Rolling upgrade order is flexible. Old scheduler + new executor is safe (scheduler's FromNodeProto silently drops unknown resources). New scheduler + old executor briefly overestimates free pod capacity by the count of non-Armada pods per node (~10-30 typically, DaemonSets + system pods), since the old executor does not report them. The overestimate resolves as executors are upgraded.

Known limitations

pods is not added to dominantResourceFairnessResourcesToConsider. On dense-pod nodes (e.g. GKE's 110-pod limit) a queue running many small pods can monopolize pod slots without a fair-share penalty. Deferred per reviewer request; follow-up if this becomes a problem in practice.

greptile-apps · 2026-04-16T11:37:15Z

Greptile Summary

This PR adds a respectNodePodLimits scheduler feature flag (default false) that tracks Kubernetes per-node pod capacity as a first-class scheduling constraint. When enabled, the scheduler registers pods in SupportedResourceTypes and IndexedResources at startup and injects pods: 1 into every job's resource requirements via JobDb.getResourceRequirements. The executor unconditionally adds pods: 1 to NonArmadaAllocatedResources for each non-Armada pod so the scheduler can subtract system/DaemonSet pod consumption from allocatable capacity; this is a safe no-op when the flag is off.

The implementation is well-structured with good test coverage across configuration, jobdb, nodedb matching, and an end-to-end preempting-scheduler integration test.

Confidence Score: 5/5

This PR is safe to merge; no P0 or P1 issues found.

All changed code paths are correct: safeGetRequirements returns a fresh map so mutation is safe, ApplyRespectNodePodLimits is idempotent and called before ResourceListFactory construction, Clone correctly propagates the flag, and the executor's unconditional pods injection is silently dropped by the scheduler when the feature is off. Comprehensive test coverage spans unit, lifecycle, matching, and integration levels.
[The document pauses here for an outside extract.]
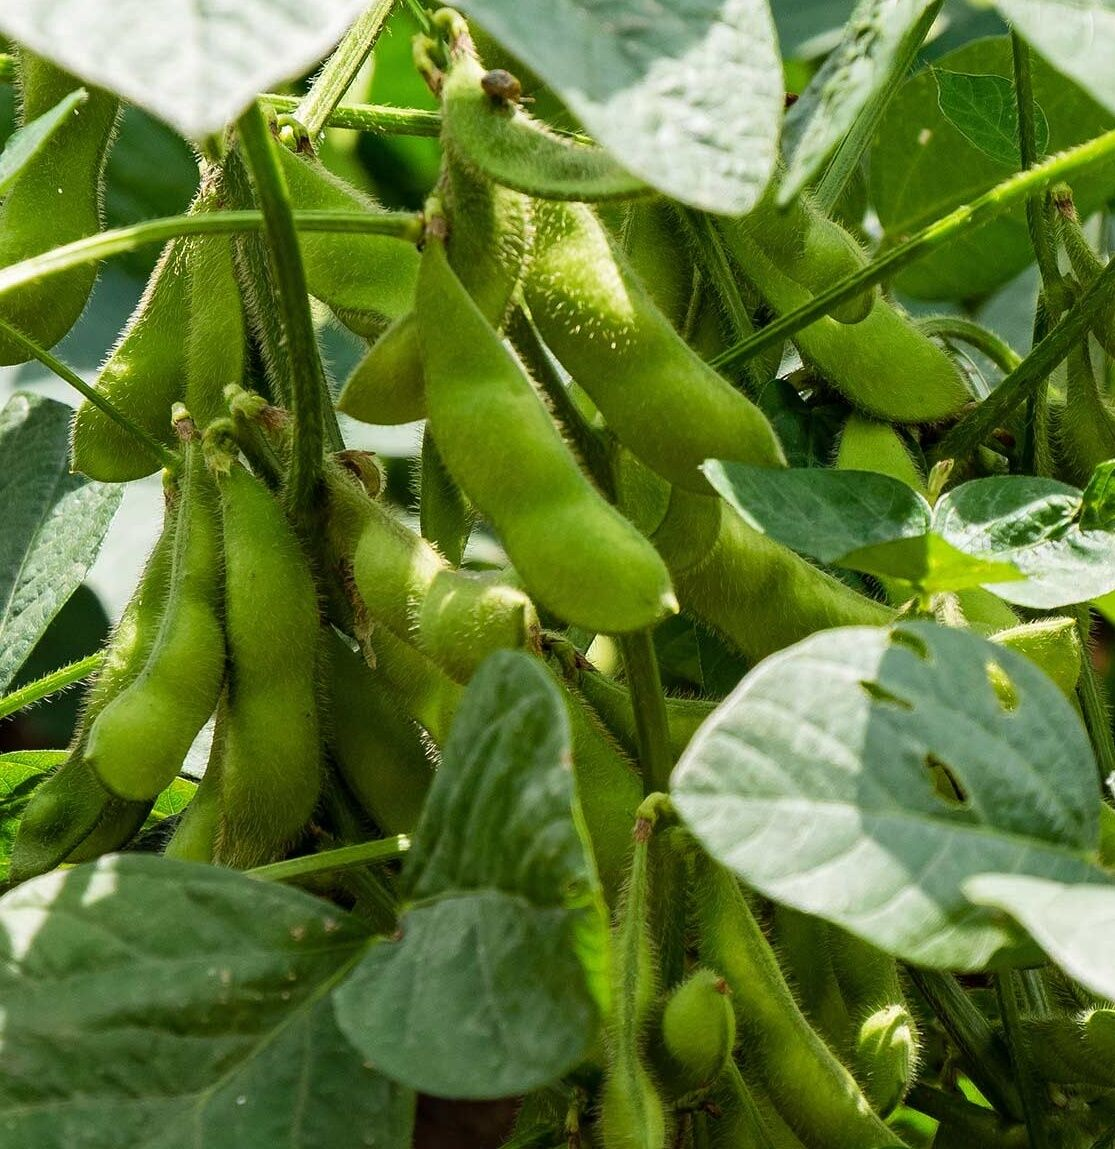 Sojabohne Samen, Edamame seeds, Sorte MERLIN, Ökosaatgut, früheste Sorte

No files require special attention.

Important Files Changed

Filename	Overview
internal/scheduler/configuration/configuration.go	Adds RespectNodePodLimits flag and ApplyRespectNodePodLimits helper that normalises the pods resolution to 1 and registers it in both SupportedResourceTypes and IndexedResources; idempotent and safe.
internal/scheduler/jobdb/jobdb.go	Injects pods: 1 into each job's resource requirements when the flag is on; the map returned by safeGetRequirements -> K8sResourceListToMap is always a fresh copy so mutation is safe; Clone correctly propagates the flag.
internal/executor/utilisation/cluster_utilisation.go	Unconditionally injects pods: 1 per non-Armada pod into NonArmadaAllocatedResources; correctly silenced by the scheduler's ResourceListFactory when the flag is off.
internal/scheduler/schedulerapp.go	ApplyRespectNodePodLimits is called before ResourceListFactory construction and SetRespectNodePodLimits is called before the scheduler starts, so no jobs are created in the window between the two calls.
internal/scheduler/scheduling/preempting_queue_scheduler_test.go	Large end-to-end integration test covering single-job scheduling, gang atomic rejection, preemption to free pod slots, and cross-node placement preference.
internal/scheduler/nodedb/nodedb_test.go	New TestNodeBindingEvictionUnbinding_ReleasesPodSlot test verifies the bind->evict->unbind lifecycle correctly releases pod slots; tests re-bind to prove the freed slot is usable.

Flowchart

%%{init: {'theme': 'neutral'}}%%
flowchart TD
    A[Scheduler startup] --> B{RespectNodePodLimits?}
    B -- false --> C[Normal scheduling\nno pod-slot tracking]
    B -- true --> D[ApplyRespectNodePodLimits\nregisters pods in\nSupportedResourceTypes\n+ IndexedResources]
    D --> E[ResourceListFactory\ntracks pods dimension]
    E --> F[JobDb.SetRespectNodePodLimits\ntrue]

    subgraph Executor
        G[Non-Armada pod scan] --> H[allocatedByPriorityAndResourceTypeFromPods\ninjects pods:1 per pod]
        H --> I[NonArmadaAllocatedResources\nreported to scheduler]
    end

    subgraph Scheduler per-job
        F --> J[JobDb.getResourceRequirements\ninjects pods:1 into job requirements]
        J --> K[NodeDb capacity check\npods consumed on bind\nfreed on evict+unbind]
    end

    I --> L{Scheduler has pods\nin SupportedResourceTypes?}
    L -- yes --> K
    L -- no --> M[pods field silently dropped\nby ResourceListFactory]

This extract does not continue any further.